L'absence de conclusion définitive de la part des juristes du département d'État s'est largement reflétée dans un rapport gouvernemental américain produit sous l'administration Biden en mai 2024, dans lequel Washington indiquait qu'Israël pourrait avoir violé le droit international humanitaire en utilisant des armes américaines lors de son opération à Gaza.

Le rapport, rédigé par le département d'État, s'est gardé d'une évaluation définitive, invoquant le brouillard de la guerre.

« Ce que je peux dire, c'est que l'administration Biden a constamment examiné le respect par Israël du droit des conflits armés, ainsi que les exigences de nos propres lois », a déclaré Blinken par l'intermédiaire d'un porte-parole.

Blinken a refusé de commenter les questions de renseignement.

Préoccupations internationales sur d'éventuels crimes de guerre

En novembre dernier, la Cour pénale internationale de La Haye a émis des mandats d'arrêt contre le Premier ministre israélien Benjamin Netanyahou et son ancien ministre de la Défense, ainsi que contre le chef du Hamas Mohammed Deif, pour crimes de guerre et crimes contre l'humanité présumés dans le conflit de Gaza. Le Hamas a depuis confirmé qu'Israël avait tué Deif.

Israël rejette la compétence de la cour de La Haye et nie tout crime de guerre à Gaza. Les dirigeants du Hamas ont également rejeté les accusations de crimes de guerre.

Parmi les sujets débattus par les responsables américains dans les dernières semaines de l'administration Biden figurait la question de savoir si le gouvernement pourrait être complice si des responsables israéliens devaient être poursuivis devant un tribunal international, selon des sources proches du dossier.

Les responsables américains ont publiquement défendu Israël tout en débattant en privé de la question à la lumière des rapports de renseignement, ce qui est devenu un point de vulnérabilité politique pour les Démocrates. Biden et la vice-présidente Kamala Harris ont mené des campagnes présidentielles finalement infructueuses.

Biden n'a pas répondu à une demande de commentaire.

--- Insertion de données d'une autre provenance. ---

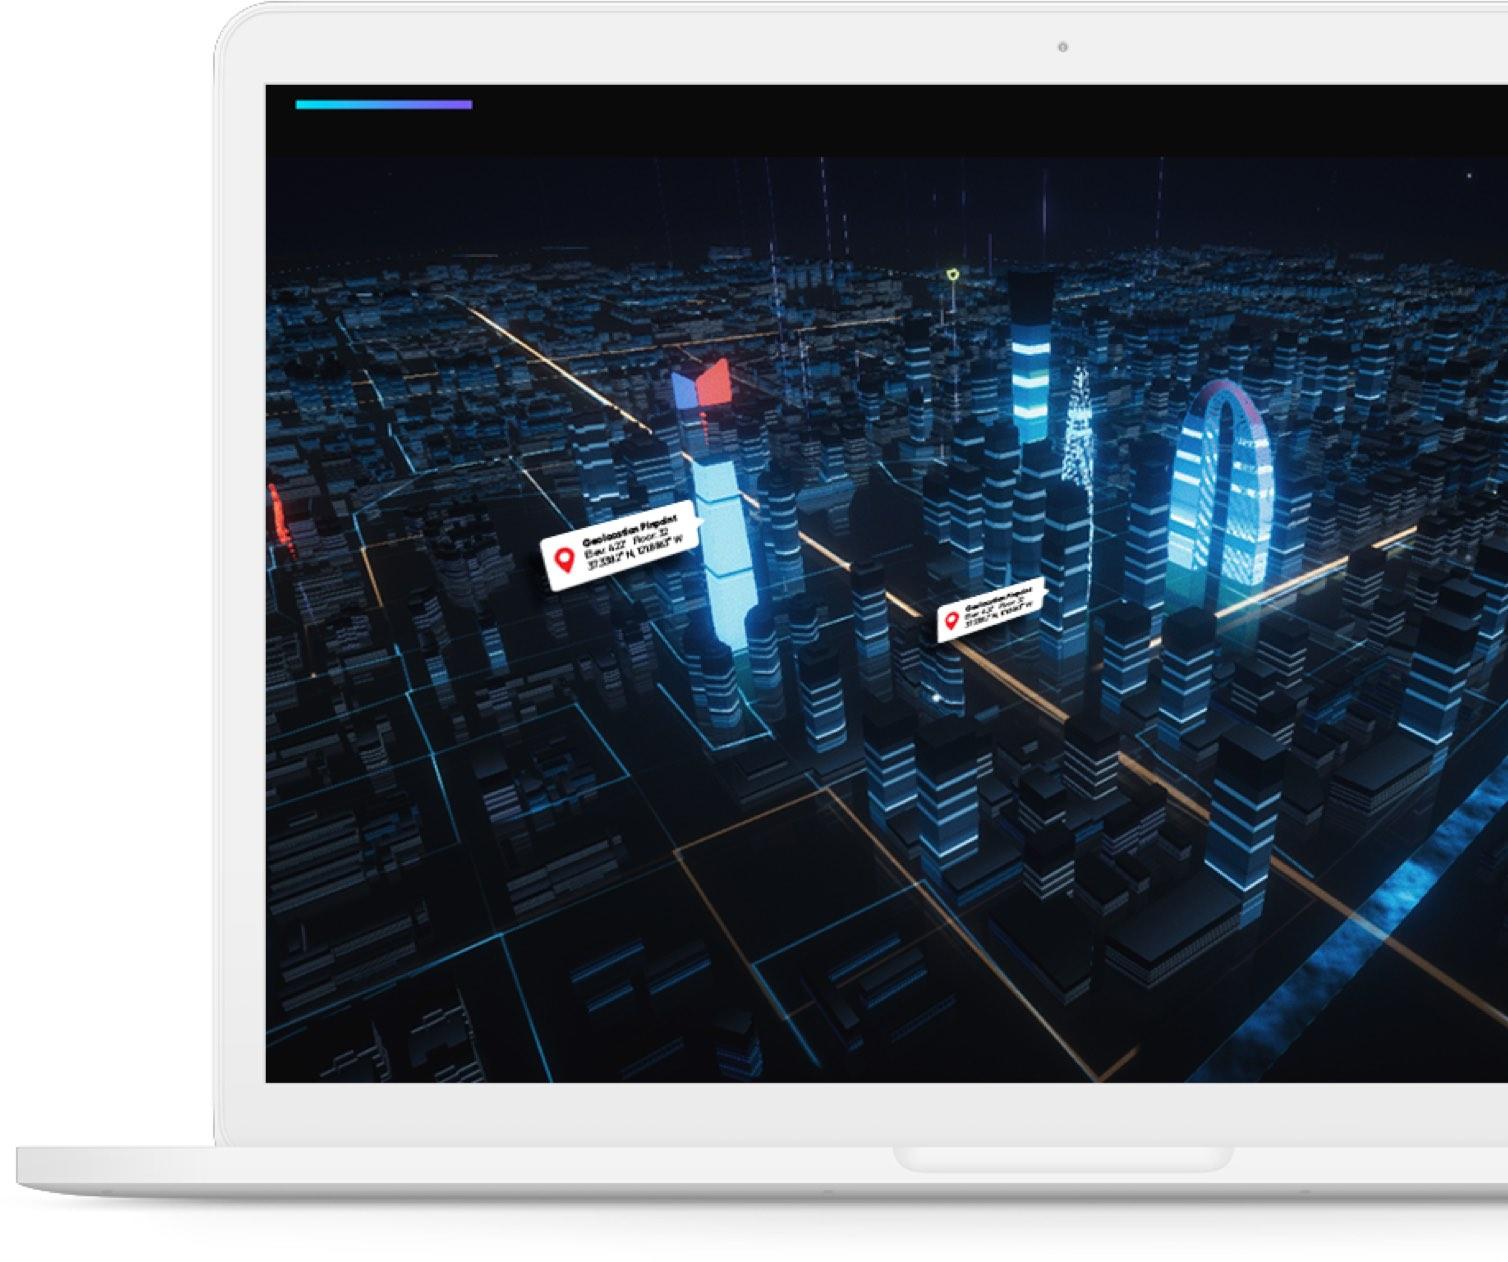 NextNav technology is the future of GPS

Le sénateur démocrate Chris Van Hollen, critique de la campagne israélienne à Gaza, des restrictions à l'aide aux civils palestiniens et du soutien américain à l'opération, a estimé auprès de Reuters que ce reportage soulignait « un schéma de cécité délibérée de la part de l'administration Biden concernant l'utilisation et l'abus d'armes américaines à Gaza ».

« L'administration Biden a sciemment détourné le regard face à des preuves accablantes de crimes de guerre commis avec des armes américaines à Gaza », a déclaré Van Hollen, élu du Maryland, à Reuters.

Israël, qui fait face à une accusation de génocide devant la Cour internationale de Justice, rejette ces allégations qu'il juge motivées politiquement et affirme que sa campagne vise le Hamas, et non la population civile de Gaza.

L'armée israélienne affirme chercher à minimiser les pertes civiles tout en ciblant des militants retranchés dans des hôpitaux, écoles et abris, en utilisant des avertissements et des munitions appropriées. Un responsable militaire israélien a indiqué à Reuters en septembre que l'armée enquêtait sur environ 2 000 incidents de possibles fautes, dont des décès de civils et des dégâts aux infrastructures.

Certaines affaires ont été révélées dans le cadre de la plainte pour génocide déposée devant la Cour internationale de Justice, a précisé ce responsable.